Sir, we write in relation to Respiratory protection in dentistry,1 a very comprehensive and informative article. However, there are a few points that we would like to draw to your readers' attention, in relation to infection prevention and control measures recommended by Public Health England (PHE) in the North East and Yorkshire:

  1. 1.

    PHE does not advocate placing a surgical mask over a valved respirator ('double-masking') to afford additional protection to the patient from the wearer. HSE2 and NOISH3 instead recommend that a full-face visor is worn in front of all respirators. A full-face visor will protect the respirator from droplet/splatter contamination, and may provide a physical barrier between the patient and exhaled breath/droplets from the wearer. Another concern with 'double masking' is that it could affect its function and may restrict the wearer's ability to breathe

  2. 2.

    PHE would not promote the routine sharing of reusable respirators between staff. Ideally, each member of staff should have their own reusable respirator for optimal infection prevention and control

  3. 3.

    PHE have had confirmed by a 'Fit2Fit' assessor who advises PHE and the Office of the Chief Dental Officer (OCDO) on fit testing best practice that a full-face visor should not be worn during qualitative fit testing. It is only the headband/frame (with the Perspex shield detached) that should be worn, if it could affect the fit of the respirator. The Perspex shield should not be worn as it could act as a barrier between the nebulised fit test solution and the respirator, possibly creating false passes. If the Perspex shield cannot be detached, the whole visor should not be worn. At the outset of fit testing, there was uncertainty about whether the visor should be worn during fit testing. Once we received clarification, some clinicians required a re-test.4We have been in discussion to request that the updated version of the Fit2Fit companion5 clarifies this issue going forward.

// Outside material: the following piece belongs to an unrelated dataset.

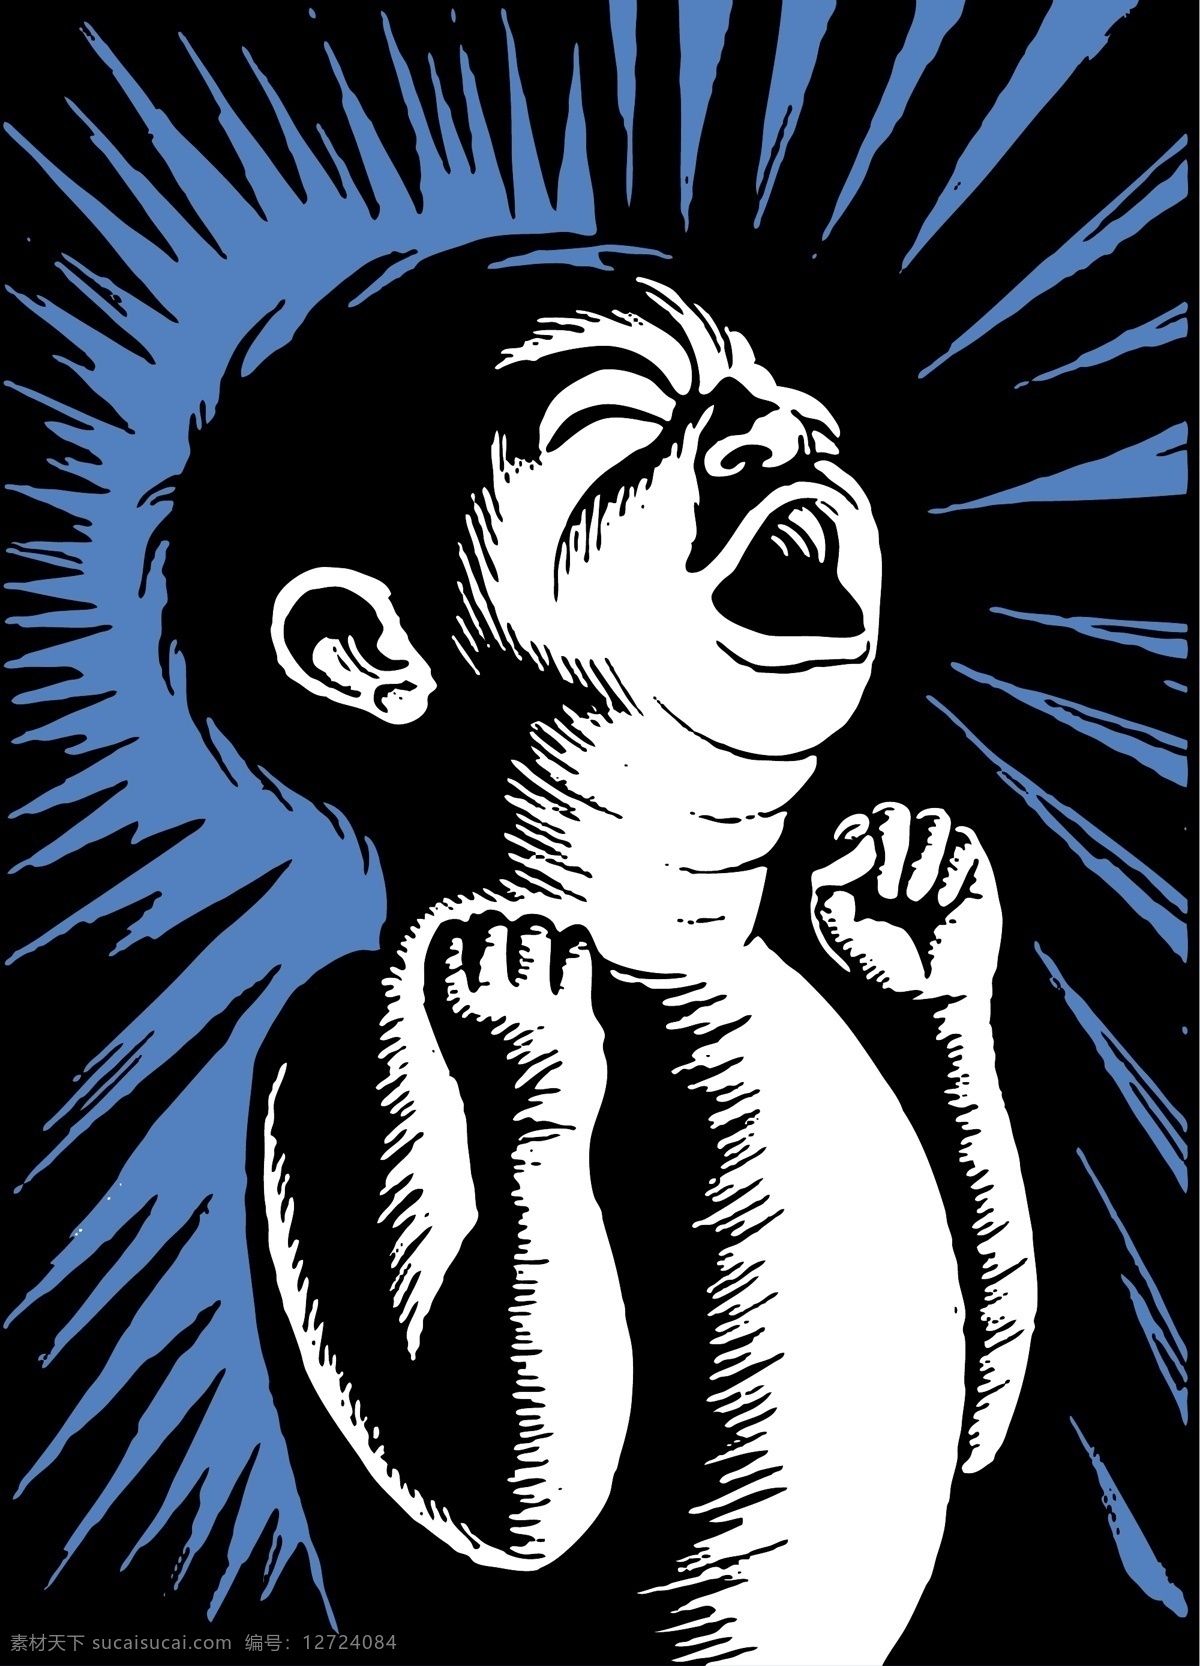 呐喊 baby 婴儿 插画 剪影插画 图案素材

Tarik Shembesh, Samy Darwish and Kariem El-Boghdadly respond: We thank Shah et al. for their valuable discourse in response to our paper.1 We wish to highlight some pertinent considerations to further the reader's understanding of respiratory protection.

In relation to double-masking, we agree with the recommendations of HSE2 and NOISH3 of wearing a suitably designed face shield with all respirators, let alone valved ones. Although some professional bodies have made recommendations about double-masking,3,6 we accept that recommendations do often change depending on supply and emergence of evidence. Therefore, it is important to understand the principles behind any recommendations and take a pragmatic approach whenever possible, but also to drive research to answer any gaps in knowledge. There are some disposable respirators with a shrouded valve that are likely to be the ideal product within a healthcare setting. We also welcome developments of disposable filters to be placed over the valves of reusable respirators that are in development by some manufacturers. We urge the profession to help drive such developments so they can become available to the healthcare workforce, including in dentistry, as they will help protect both the patient and wearer whilst maintaining optimum working conditions.

With regard to the sharing of reusable respirators between staff, whilst the manufacturers consider sharing suitably disinfected reusable respirators acceptable practice as has long been the case in industries beyond healthcare, we also agree that it is best practice for each member of the workforce to ideally be in possession of a respirator for their own exclusive use - though we were unable to find guidance explicitly supporting this. Each wearer should be taught responsibility for their own exclusive respirator including how to clean, maintain and inspect it to ensure its fitness for use and to regularly log the inspection, as per manufacturers' instructions.

Finally, as accredited fit-testers, we strongly support the stance, both in theory and practice, that visor shields should not be worn during qualitative fit-testing procedures, though bridge-mounted visor frames or head straps should. Any barrier that could potentially prevent the testing solution reaching the periphery of the mask risks invalidating the test. Wearing the frame ensures as close a replication to the true working conditions as possible. This concern is of course only relevant to the qualitative fit-test as the quantitative fit-test depends on particle counts through a tube attached directly to the respirator via an adaptor, and thus wearing a visor is suitable.